▶ **DIRECTIONS**: Pull each line holding the word "para" from the data.

^^^^^^^^^^^^^^^^

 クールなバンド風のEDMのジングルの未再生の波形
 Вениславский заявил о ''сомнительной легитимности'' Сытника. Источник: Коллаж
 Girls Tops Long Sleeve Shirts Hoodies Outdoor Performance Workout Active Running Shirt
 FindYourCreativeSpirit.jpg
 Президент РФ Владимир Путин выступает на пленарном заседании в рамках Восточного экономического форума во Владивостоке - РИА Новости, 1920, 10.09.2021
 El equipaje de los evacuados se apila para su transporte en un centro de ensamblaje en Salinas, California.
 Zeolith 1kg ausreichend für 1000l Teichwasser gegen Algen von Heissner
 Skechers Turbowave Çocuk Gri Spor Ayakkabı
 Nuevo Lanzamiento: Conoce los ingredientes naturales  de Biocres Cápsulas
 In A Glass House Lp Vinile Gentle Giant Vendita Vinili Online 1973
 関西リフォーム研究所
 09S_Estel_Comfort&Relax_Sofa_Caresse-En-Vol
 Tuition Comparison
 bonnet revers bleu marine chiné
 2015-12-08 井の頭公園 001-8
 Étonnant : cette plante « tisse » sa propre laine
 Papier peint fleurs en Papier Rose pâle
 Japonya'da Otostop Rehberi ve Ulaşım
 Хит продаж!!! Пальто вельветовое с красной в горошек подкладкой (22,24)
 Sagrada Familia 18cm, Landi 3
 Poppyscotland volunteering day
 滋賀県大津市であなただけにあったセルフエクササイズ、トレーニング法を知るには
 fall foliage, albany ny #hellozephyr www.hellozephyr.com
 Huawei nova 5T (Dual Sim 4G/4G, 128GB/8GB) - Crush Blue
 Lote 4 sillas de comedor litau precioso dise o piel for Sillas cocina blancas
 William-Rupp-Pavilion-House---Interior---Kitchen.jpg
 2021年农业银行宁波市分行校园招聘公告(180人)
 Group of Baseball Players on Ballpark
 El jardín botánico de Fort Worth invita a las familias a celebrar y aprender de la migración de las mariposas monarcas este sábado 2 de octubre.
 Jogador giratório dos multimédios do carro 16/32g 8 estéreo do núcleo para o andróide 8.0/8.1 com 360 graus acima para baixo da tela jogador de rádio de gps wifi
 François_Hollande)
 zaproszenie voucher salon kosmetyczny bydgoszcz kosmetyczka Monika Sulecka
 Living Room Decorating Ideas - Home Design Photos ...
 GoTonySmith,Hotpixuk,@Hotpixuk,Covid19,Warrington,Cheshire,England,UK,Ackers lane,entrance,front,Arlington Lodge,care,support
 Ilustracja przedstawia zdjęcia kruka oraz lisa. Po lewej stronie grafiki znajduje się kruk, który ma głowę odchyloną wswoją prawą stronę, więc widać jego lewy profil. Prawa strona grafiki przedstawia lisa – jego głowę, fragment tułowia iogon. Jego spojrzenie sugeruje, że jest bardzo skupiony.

^^^^^^^^^^^^^^^^

▶ **PROBLEM SOLUTION**:
 El equipaje de los evacuados se apila para su transporte en un centro de ensamblaje en Salinas, California.
 Jogador giratório dos multimédios do carro 16/32g 8 estéreo do núcleo para o andróide 8.0/8.1 com 360 graus acima para baixo da tela jogador de rádio de gps wifi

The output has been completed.